Kruger Park is in the low veld area. It's kind of a thorny version of California scrublands. We dropped our stuff off at the campground (yes, behind a fence...but inside the park) and went out for a drive as soon as we got there. Safaris are strange beasts. At first we oohed and aahed over every zebra and impala (antelope) and wildebeest that we saw. Then they became standard once we started looking for the "Big Five." That's buffalo, lion, elephant, rhino and leopard, in case you were wondering. We saw them all, by the way. We drove pretty much all day yesterday -- 11 of us (including Douglas the guide and David the driver) in this extended Land Rover with open sides. We'd turn these corners and come right up against these elephants munching away at the grass and giraffes sitting there 20 feet away. They're huge and beautiful to see in the wild.

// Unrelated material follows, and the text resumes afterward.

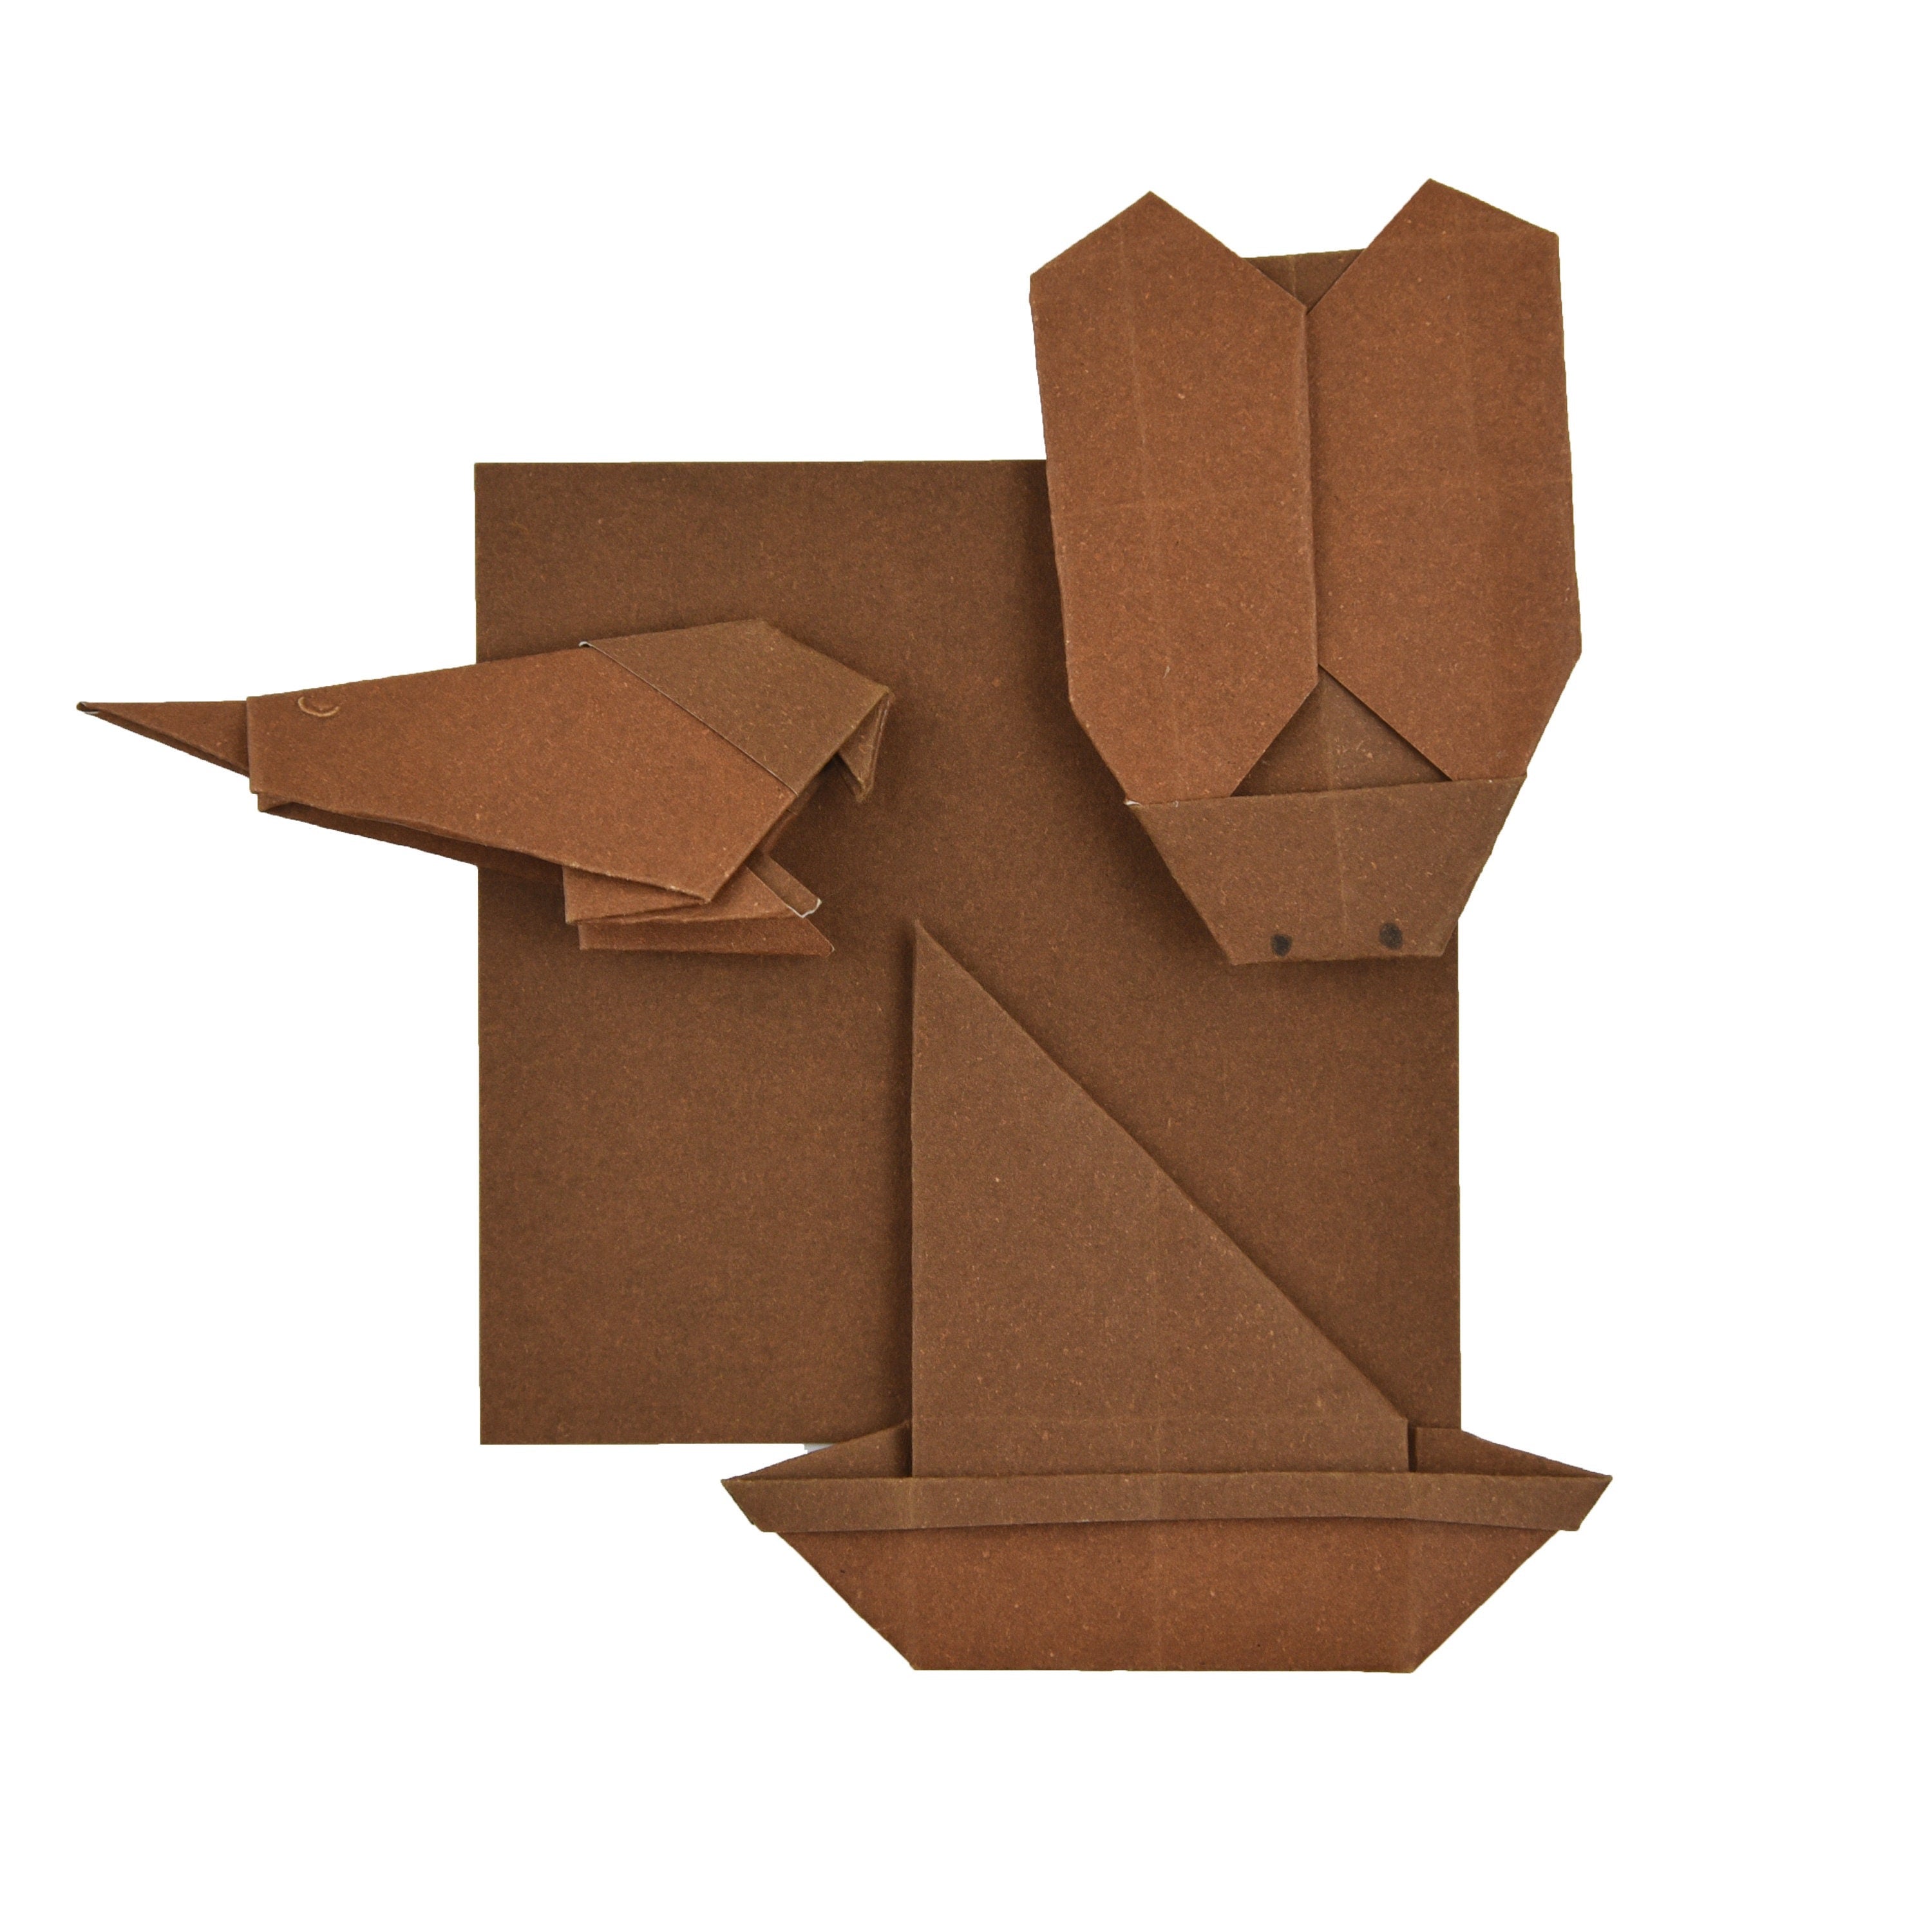 100 fogli di carta origami base - 6x6 pollici - Confezione di carta quadrata per piegare, gru origami e decorazioni - S27

But the highlight of my time was this morning, when four of us -- plus Rodney and Dingen, the guides -- left at 4:30 for a two-hour bushwalk. We got onto the main tarred road in the park and pretty much immediately came upon 3 hyenas, just hanging out there. Two of us took photos, but I just watched their goofy movements and listened to the sound of their paws padding along the asphalt. We went ahead a mile or so and came upon a giant leopard just sitting in the middle of the road. Oh man. It sat there in our lights for maybe five minutes, then slunk away into the dewy grass it had been trying to avoid. We turned off onto a dirt road, twisted and turned a bit, and suddenly came upon five rhinos! They ran off...and actually, rhinos can run quickly! Then we got out and started walking. Both Rodney and Dingen had rifles...just in case. I spent the first third of the hike scanning the horizon for lions. Didn't see any. In fact, we only saw an impala. But we got to see the thorny bushes and how high the grasses were and the fact that the dry riverbeds have water only a few feet down that elephants will dig for. It was awesome. Once we got back into the vehicle, we started back toward our campsite. All of a sudden, this black snake twisted and launched itself up at the side of the car. Um, it was a black mamba...one of the most poisonous in the world! Then once we got back on the tar road, we pulled up next to three wild dogs. They are ugly as hell but really fascinating and not seen too frequently in the park.

After breakfast we started the long drive home. We were the last two dropped off, so we got a bit of a tour of the Joburg suburbs and rush hour and all that. So here I am, smelly and exhausted but also exhilirated from a really interesting couple of days.

We fly out to Cape Town tomorrow. I'd like to try to upload some pictures when I can, but you'll have to be patient for now. The next week should be a little less dramatic but still pretty interesting. I'll keep you posted.

S.

2 comments:

Anonymous said...

Can't wait for the pics. Sounds breathtaking. I soooo wish I was there.

Anonymous said...

Great to hear from you, finally! Can't wait to see the pics.